Multithreading in Android

I'm trying to multithread some OpenCV4Android code. I divide a 432x432 image into 9 144x144 segments and pass each to a different thread:

Thread[] threads = new Thread[9];
for (int i = 0; i < 3; i++) {
    for (int j = 0; j < 3; j++) {
        threads[3*i+j] = new Thread(new MyThread(image.rowRange(144*i, 144*(i+1)).colRange(144*j, 144*(j+1))));
        threads[3*i+j].start();
    }
}

for (Thread thread : threads) try {thread.join();} catch (InterruptedException e) {};

Here is the thread class:

public class MyThread implements Runnable {
    final Mat block;

    public MyThread(Mat block) {
        this.block = block;
    }

    public void run() {
        /* do image processing on block */
        Mat kernel = Imgproc.getStructuringElement(Imgproc.MORPH_ELLIPSE, new Size(19,19));
        Mat closed = new Mat();
        Imgproc.morphologyEx(block, closed, Imgproc.MORPH_CLOSE, kernel);
        Core.divide(block, closed, block, 1, CvType.CV_32F);
        Core.normalize(block, block, 0, 255, Core.NORM_MINMAX);
        block.convertTo(block, CvType.CV_8UC1);     
        Imgproc.threshold(block, block, -1, 255, Imgproc.THRESH_BINARY_INV+Imgproc.THRESH_OTSU);
    }
}

I have two issues:

  1. Although the threads are modifying the individual blocks correctly, the modifications are not showing up in the final image. This would make sense if Mat block were passed by value to the thread, but Java should be passing its reference to the thread instead.
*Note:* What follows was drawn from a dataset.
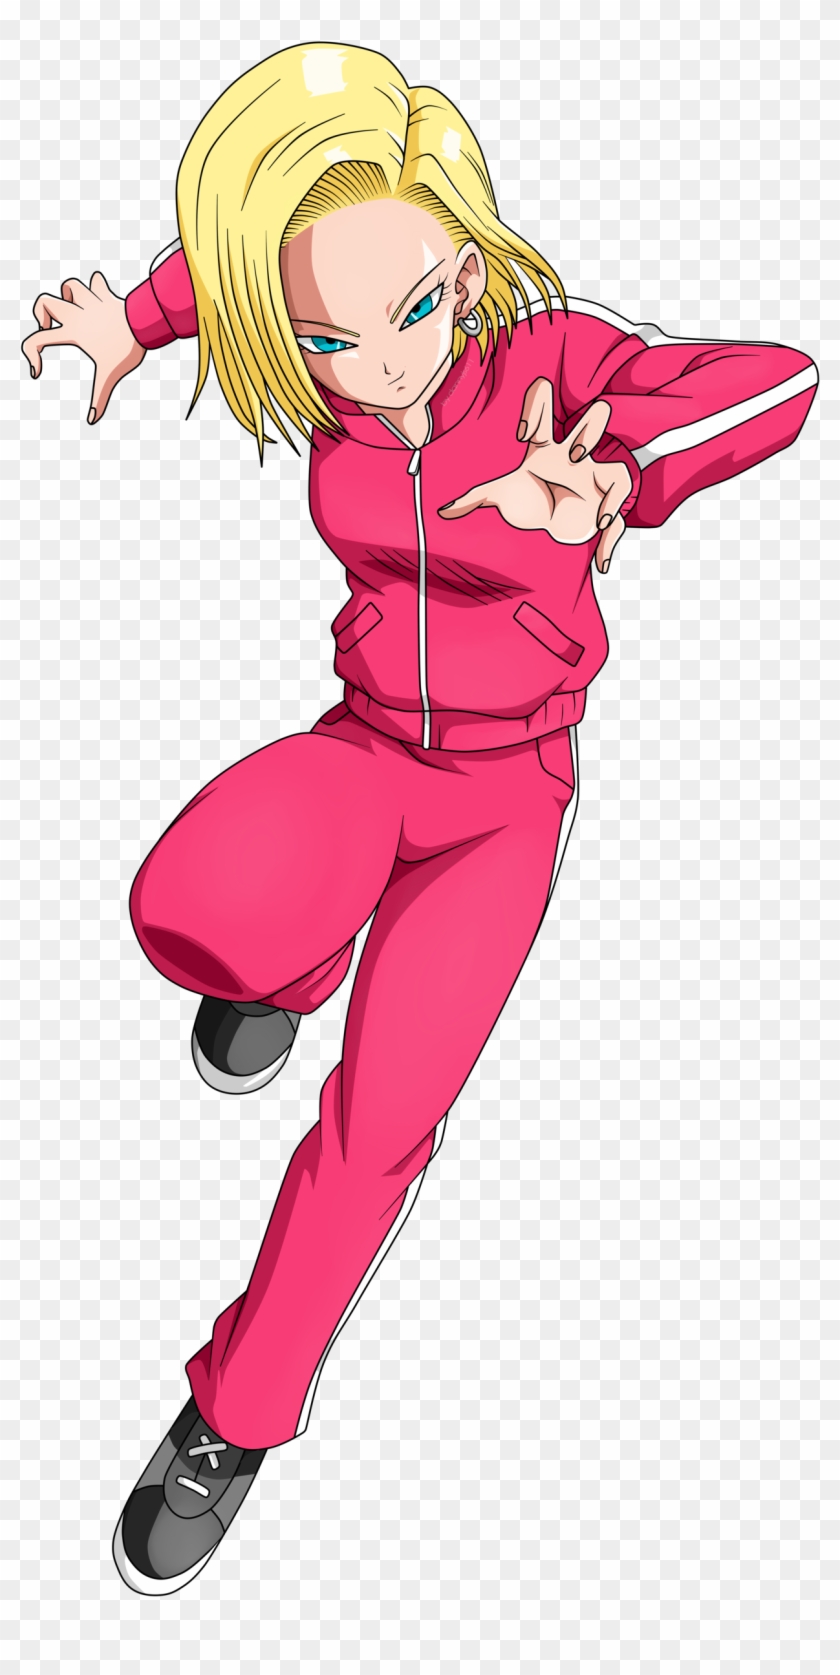 Android 18 Png - Dragon Ball Super Androide 18 Clipart #522054

  2. The runtime is longer than the unthreaded code - in my emulator, it goes up from ~1200 to ~1500 ms. Is this a problem with the emulator, or is multithreading a really bad idea here for some reason?

Upvotes: 4

Views: 941

Answers (3)

1&#39;&#39;
1&#39;&#39;

Reputation: 27095

The first problem was being caused by the conversion of the block Mat to a different type in this section:

Core.divide(block, closed, block, 1, CvType.CV_32F);
Core.normalize(block, block, 0, 255, Core.NORM_MINMAX);
block.convertTo(block, CvType.CV_8UC1);     

I'm not sure why this should be a problem, but I fixed it by storing the intermediate floating-point matrix in closed and only putting the final answer back into block:

Core.divide(block, closed, closed, 1, CvType.CV_32F);
Core.normalize(closed, block, 0, 255, Core.NORM_MINMAX, CvType.CV_8U);

Upvotes: 1

faylon
faylon

Reputation: 7450

Luis has addressed the second problem. And i think the first issue is because that you process a new Mat to the thread, the modification on the new Mat will not effect the old one.

I find the source code of rowRange, there is some native code but clearly it creates a new object.
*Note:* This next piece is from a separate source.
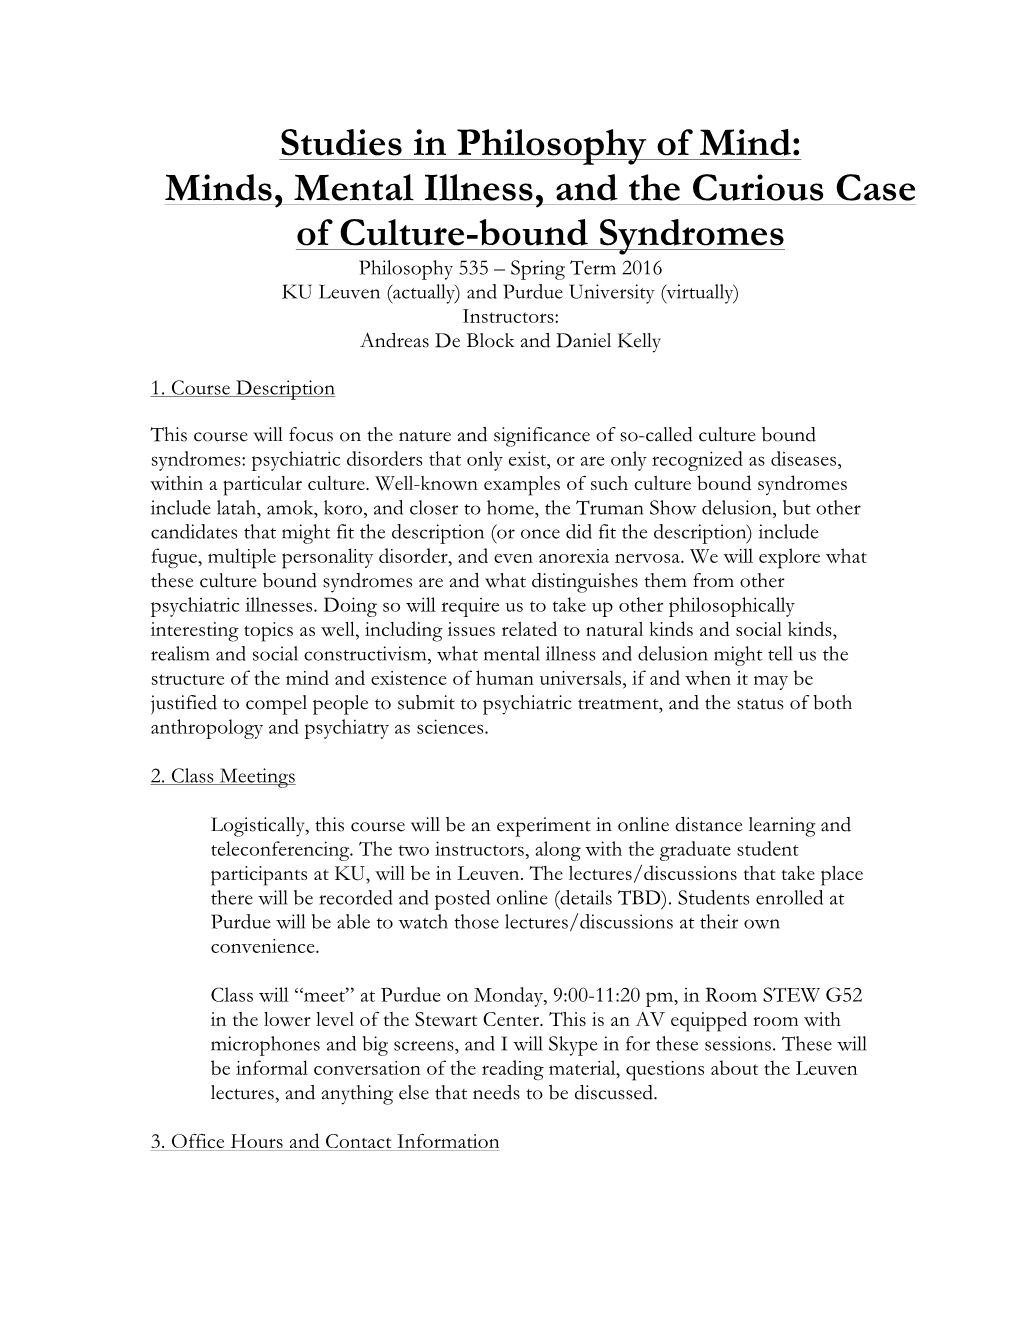 Studies in Philosophy of Mind: Minds, Mental Illness, and the Curious Case of Culture-Bound Syndromes

 public Mat rowRange(int startrow, int endrow)
 {

     Mat retVal = new Mat(n_rowRange(nativeObj, startrow, endrow));

     return retVal;
 }

Upvotes: 0

Luis
Luis

Reputation: 12048

I've no experience with OpenCV, so I'll address only the second issue.
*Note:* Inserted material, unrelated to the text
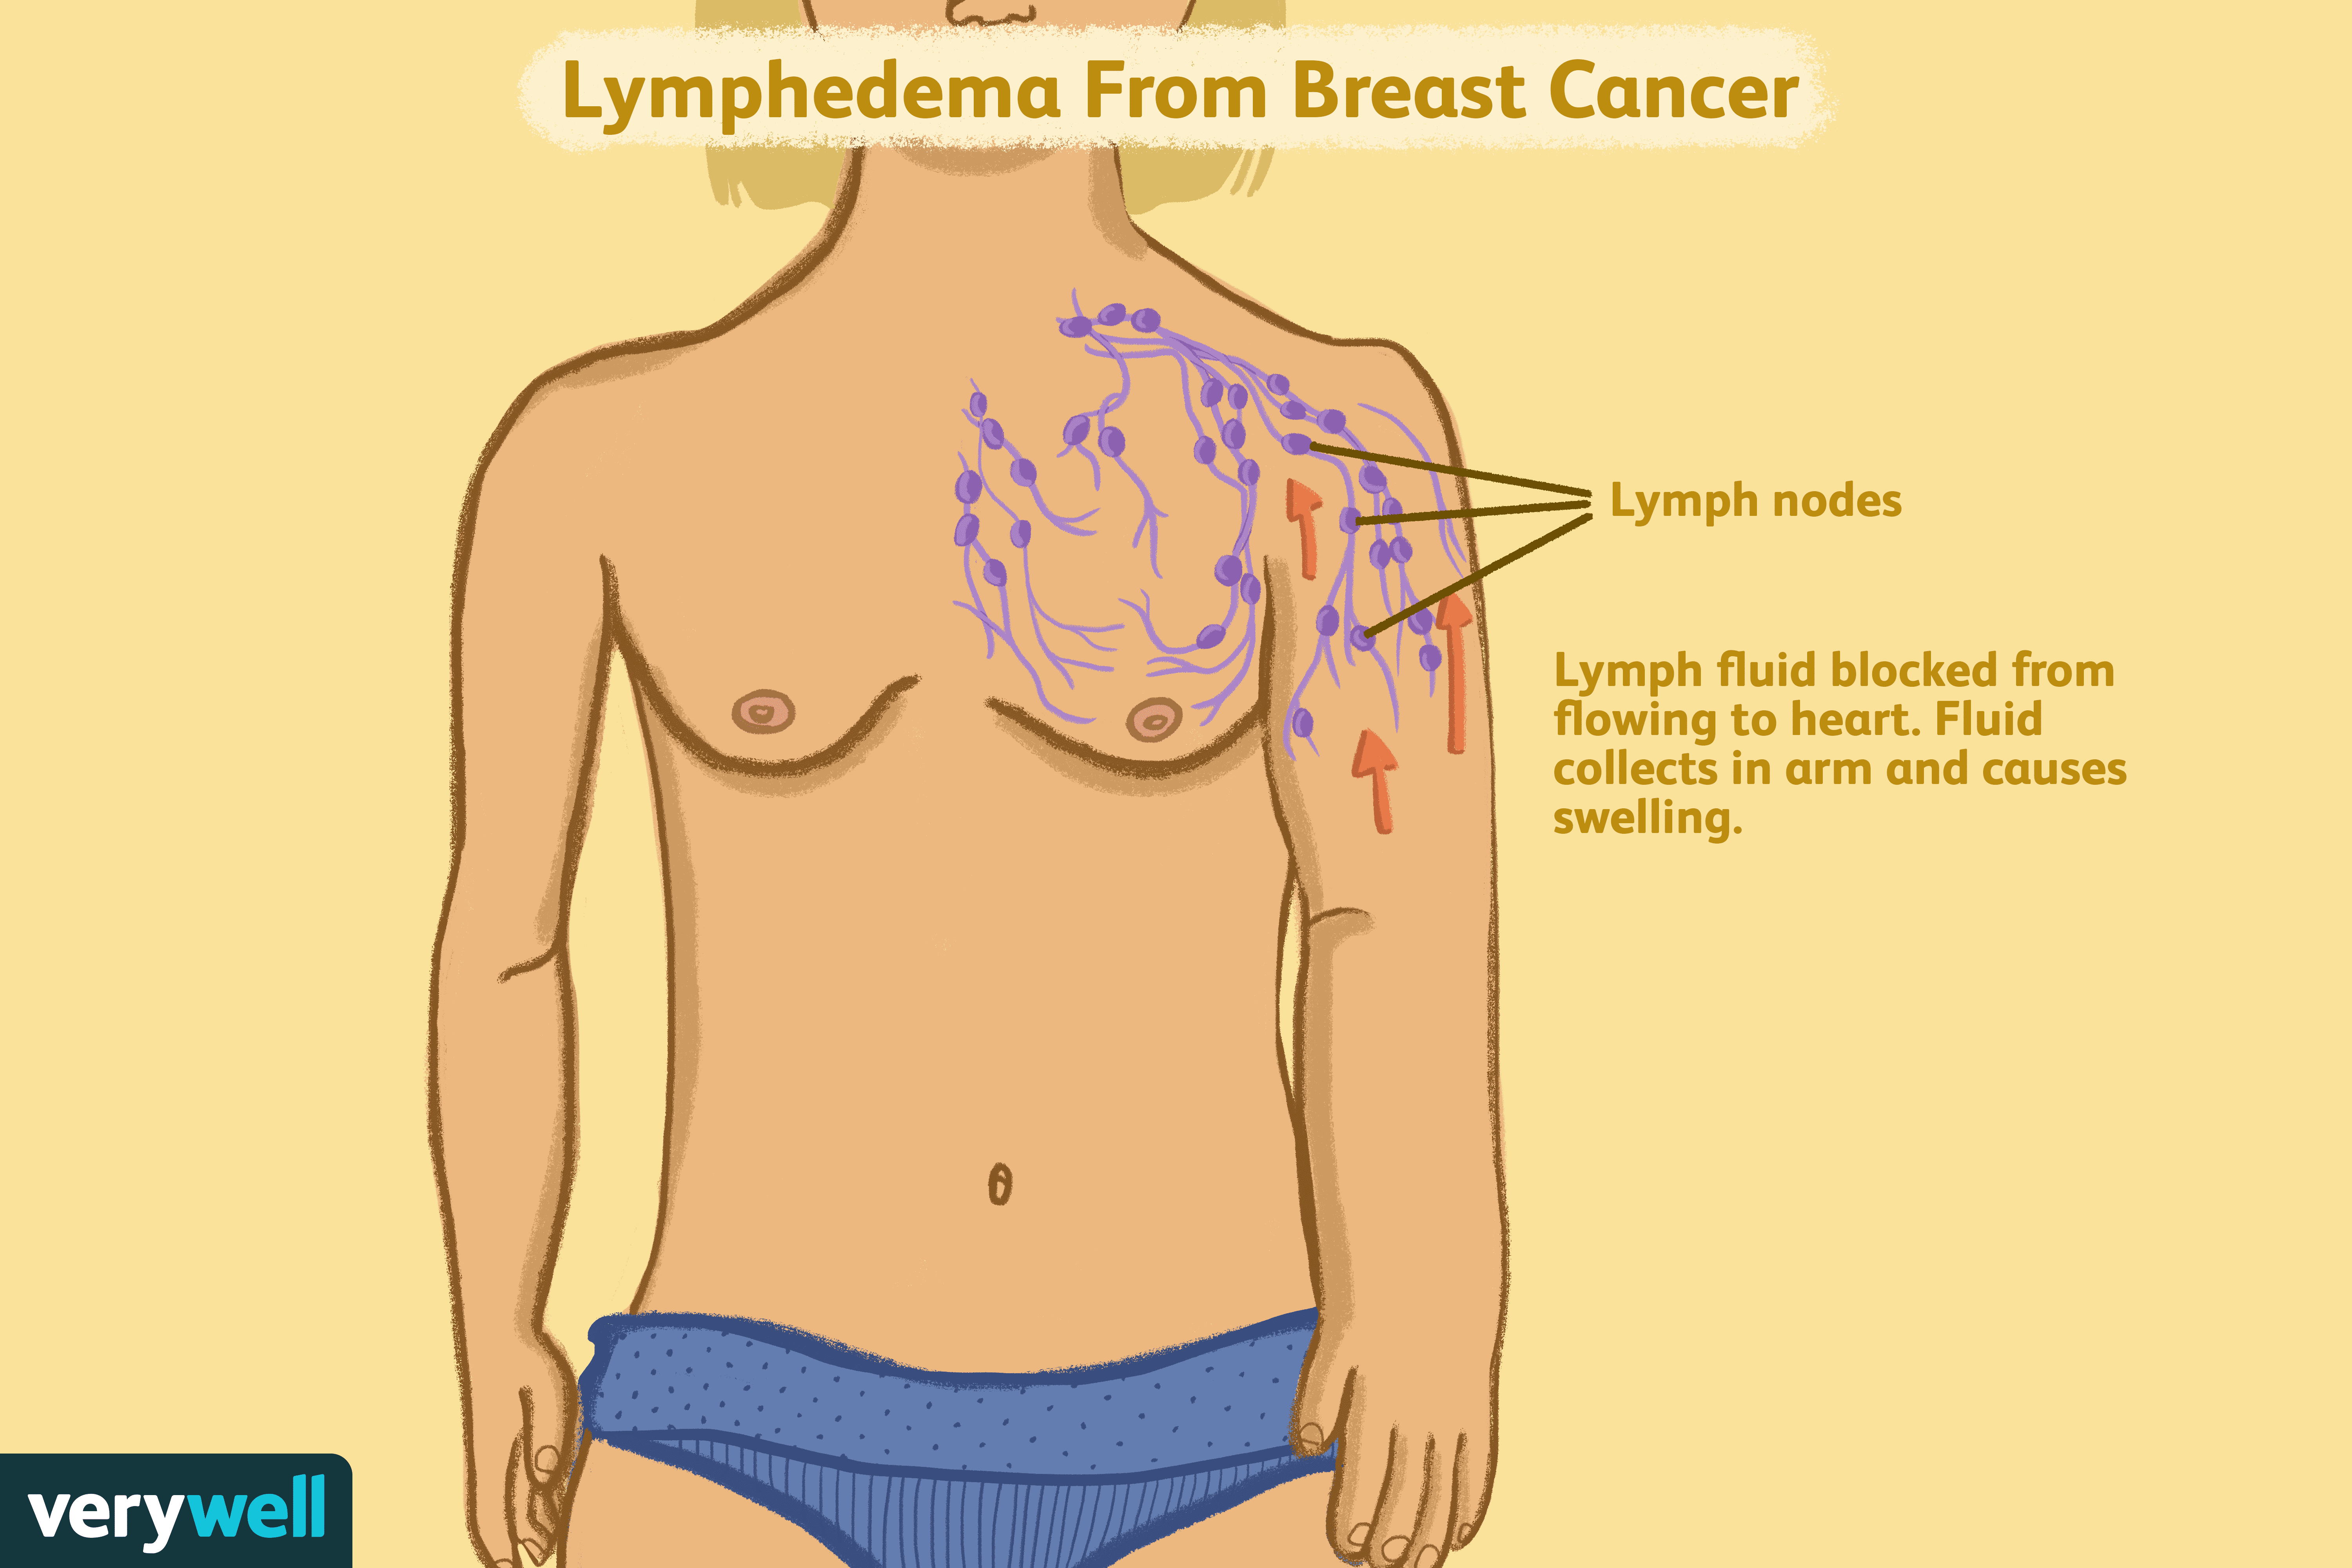 Lymphedema in Breast Cancer: Symptoms, Causes, Diagnosis, and Treatment

A thread needs a CPU to run (or a core which acts as a virtual CPU). So, you will never have more threads running in silmultaneous then the real number of cores available in the device.

Let's assume you have a device with 2 cores and you split the work in 9 threads. The final result is that only 2 out of 9 threads will run in silmultaneous, while the remaining 7 will be in the queue waiting for their turn to have CPU.

As there is a cost in Thread creation and switching, the overall performance result would be worse then having only 2 threads.

If you are spliting the work between threads for performance reasons, don't make more threads then the number of cores in the device.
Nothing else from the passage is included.